Наконец появившийся полицейский катер, казалось, двигался, как в замедленной съемке. Ему потребовалось некоторое время, чтобы причалить в волнах. Освальд с несколькими парнями помогал прибывшим. София, прищурившись на солнце, старалась разглядеть сошедшую с катера фигуру. Мужчину в форме, который, сделав несколько неуверенных шагов вверх по каменной плите, оперся на руку Освальда. Это был Вильгот Эстлинг.
Из тела исчезли все ощущения. Перед глазами у нее замелькали резкие, статичные проблески. Все стало сверкающе-серым, потом белым, и под конец окружающая действительность полностью исчезла. София предприняла последнюю попытку подняться на ноги, но упала обратно – и погрузилась в бесконечную темноту.
* * *
– Ты должна пообещать, что никому об этом не скажешь.
Так я начинаю разговор.
Она вся во внимании и напряжена, поскольку чувствует в моем голосе серьезность.
– Конечно, не скажу; рассказывай.
– Я тут услышал разговор мамаши с папашей. Не нарочно, но… тьфу, это, наверное, не так важно.
– Да рассказывай же. Рассказывай!
– Они говорили, что думают изменить завещание. Сара, ты ведь никому об этом не скажешь?
– Ты же понимаешь, что не скажу. Что дальше?
– Ну, папаша сказал, что они сделают меня главным наследником. Ты получишь только небольшую часть… Черт, Сара, я даже не знаю, зачем рассказываю тебе это. Но мне кажется, что ты стала моим лучшим другом; тебе ведь это известно?
Она кивает.
Надо же, не сечет. Неужели можно быть настолько тупой?
Я могу заполучить любых друзей. Только выбирай!
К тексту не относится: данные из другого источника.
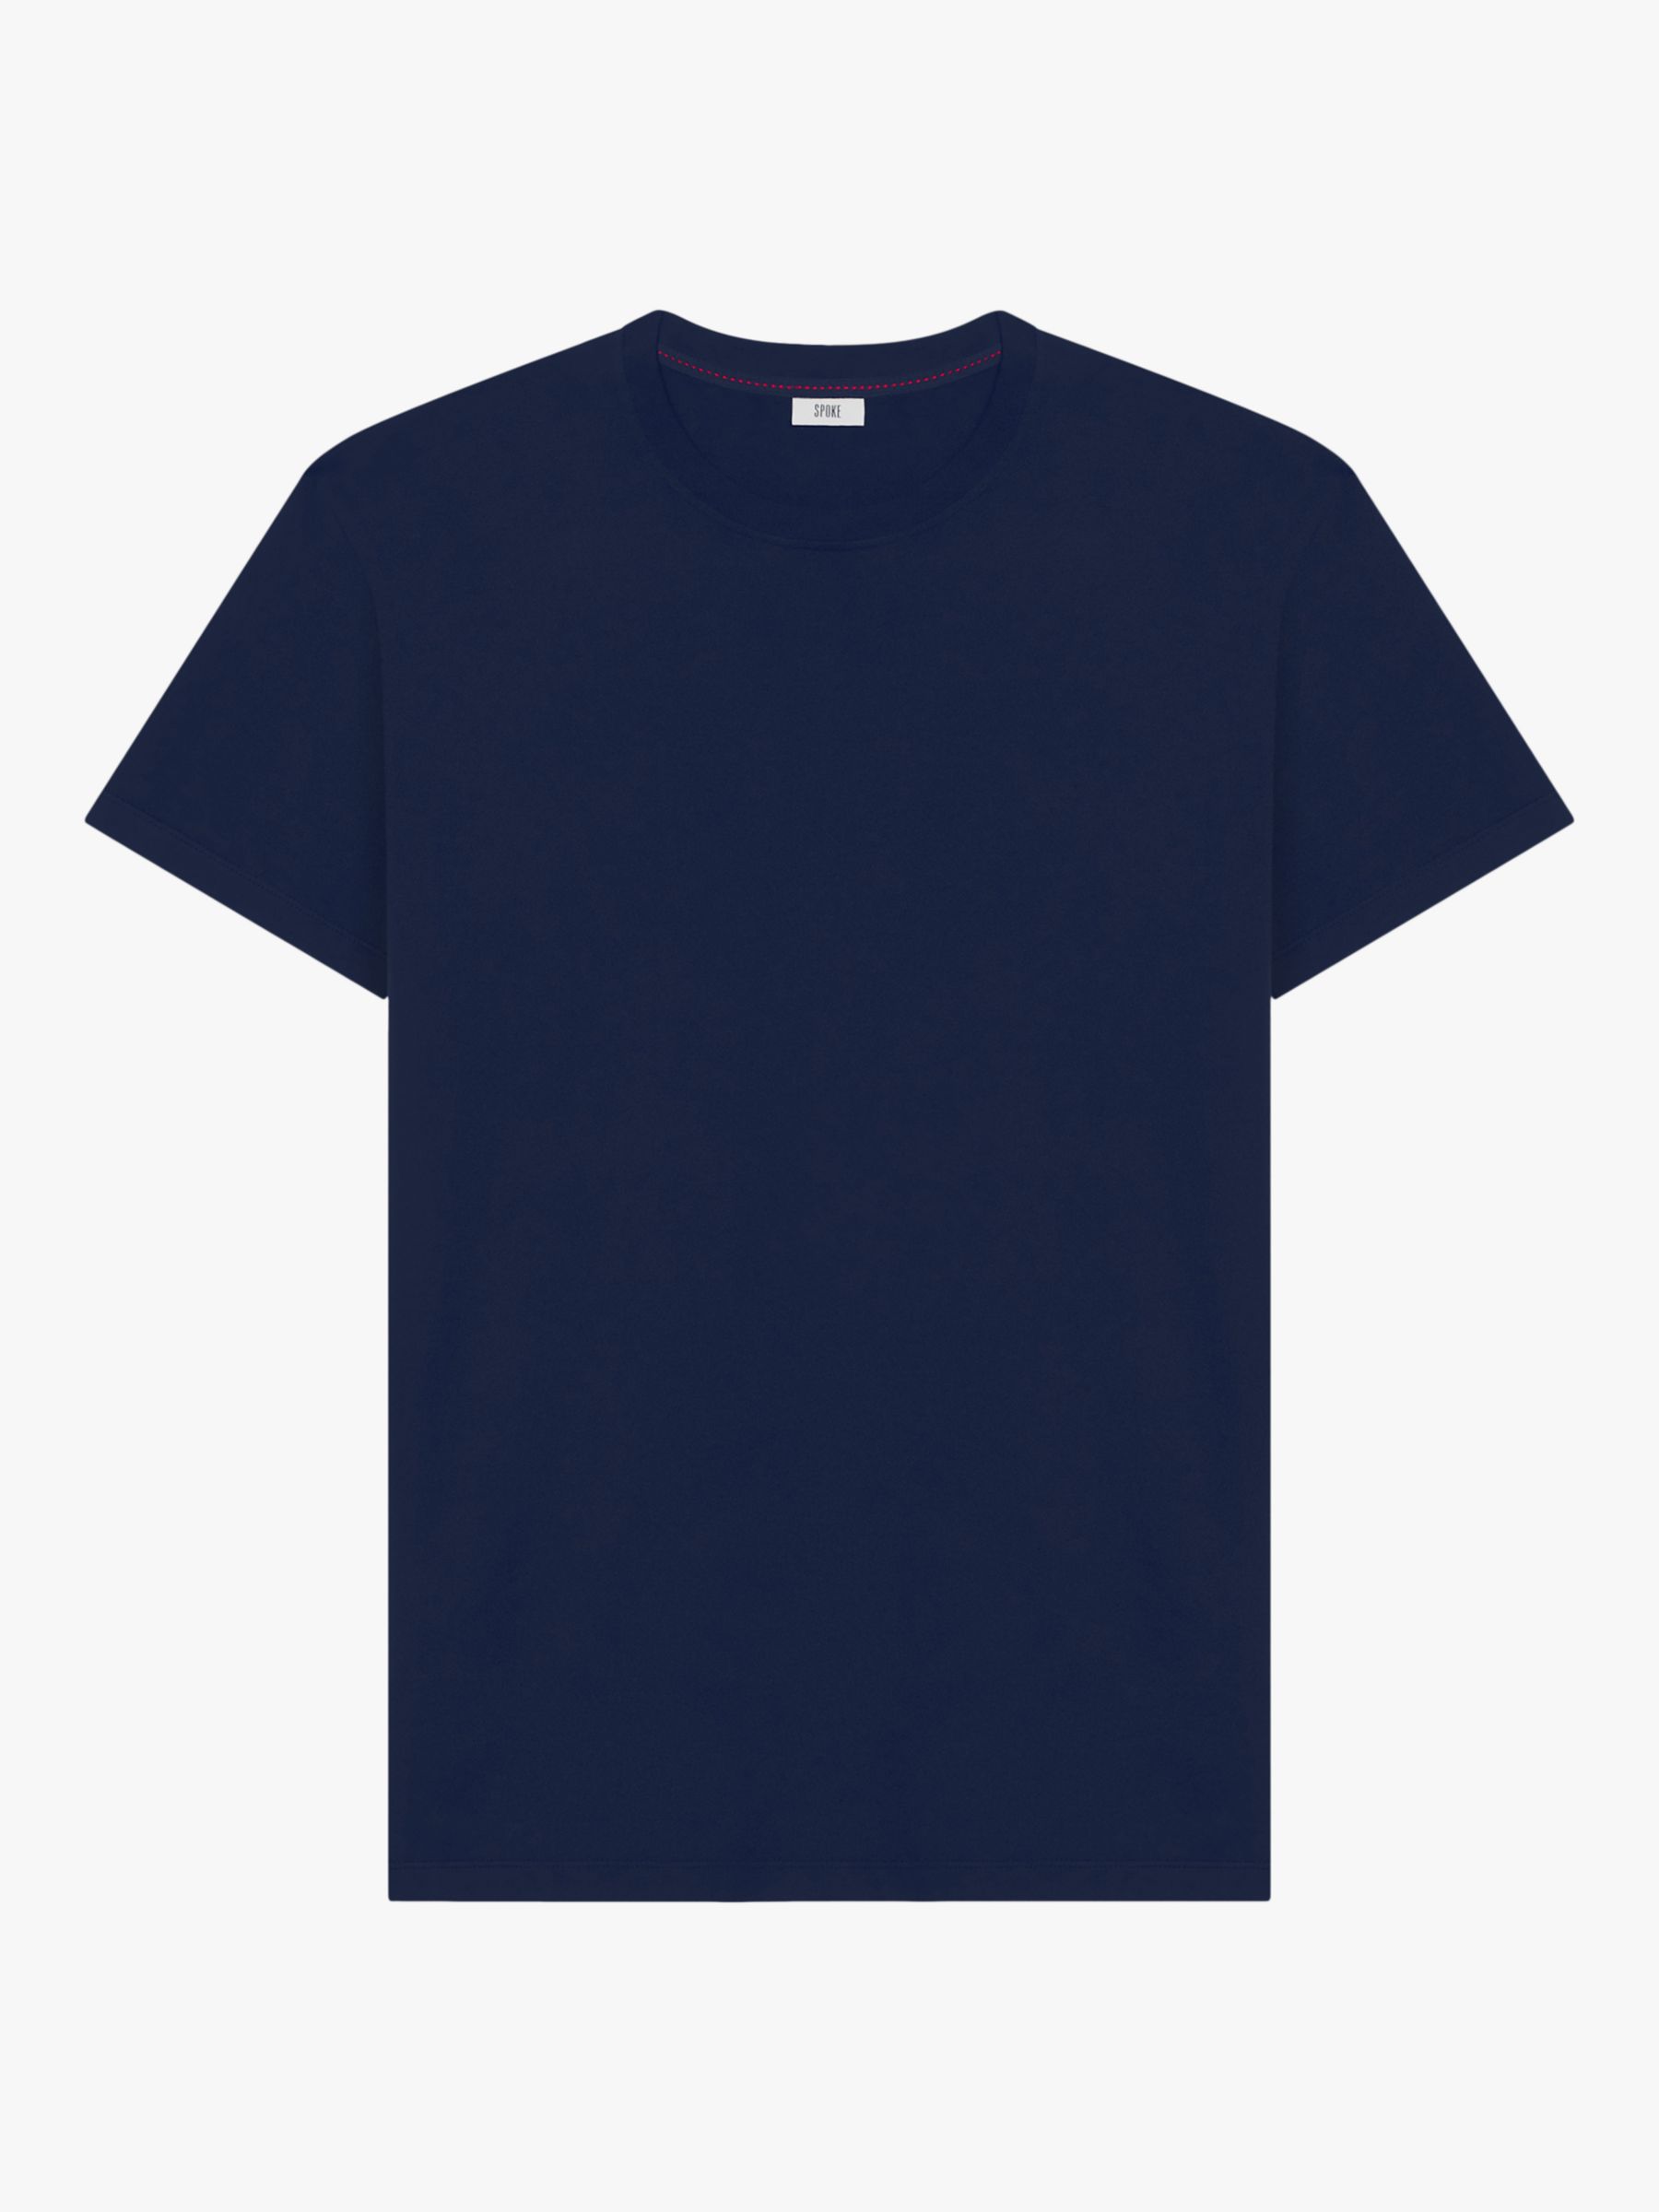 Buy SPOKE Cotton Slim Fit Crew Neck T-Shirt Online at johnlewis.com

Тем не менее она мне верит.
– Мне это не нравится, Сара, – говорю я. – По-моему, нам следует делиться всем. Я имею в виду, всегда.
– Я их ненавижу, – произносит она.
– Я тоже, – говорю я и беру ее за руки. – Лучше б мы с тобой были только вдвоем, правда?
Она кивает.
– Ты такой добрый, Фредрик…
– Я буду хорошо о тебе заботиться.
Зерно посеяно. Теперь надо дать ему немного времени, чтобы оно дало всходы.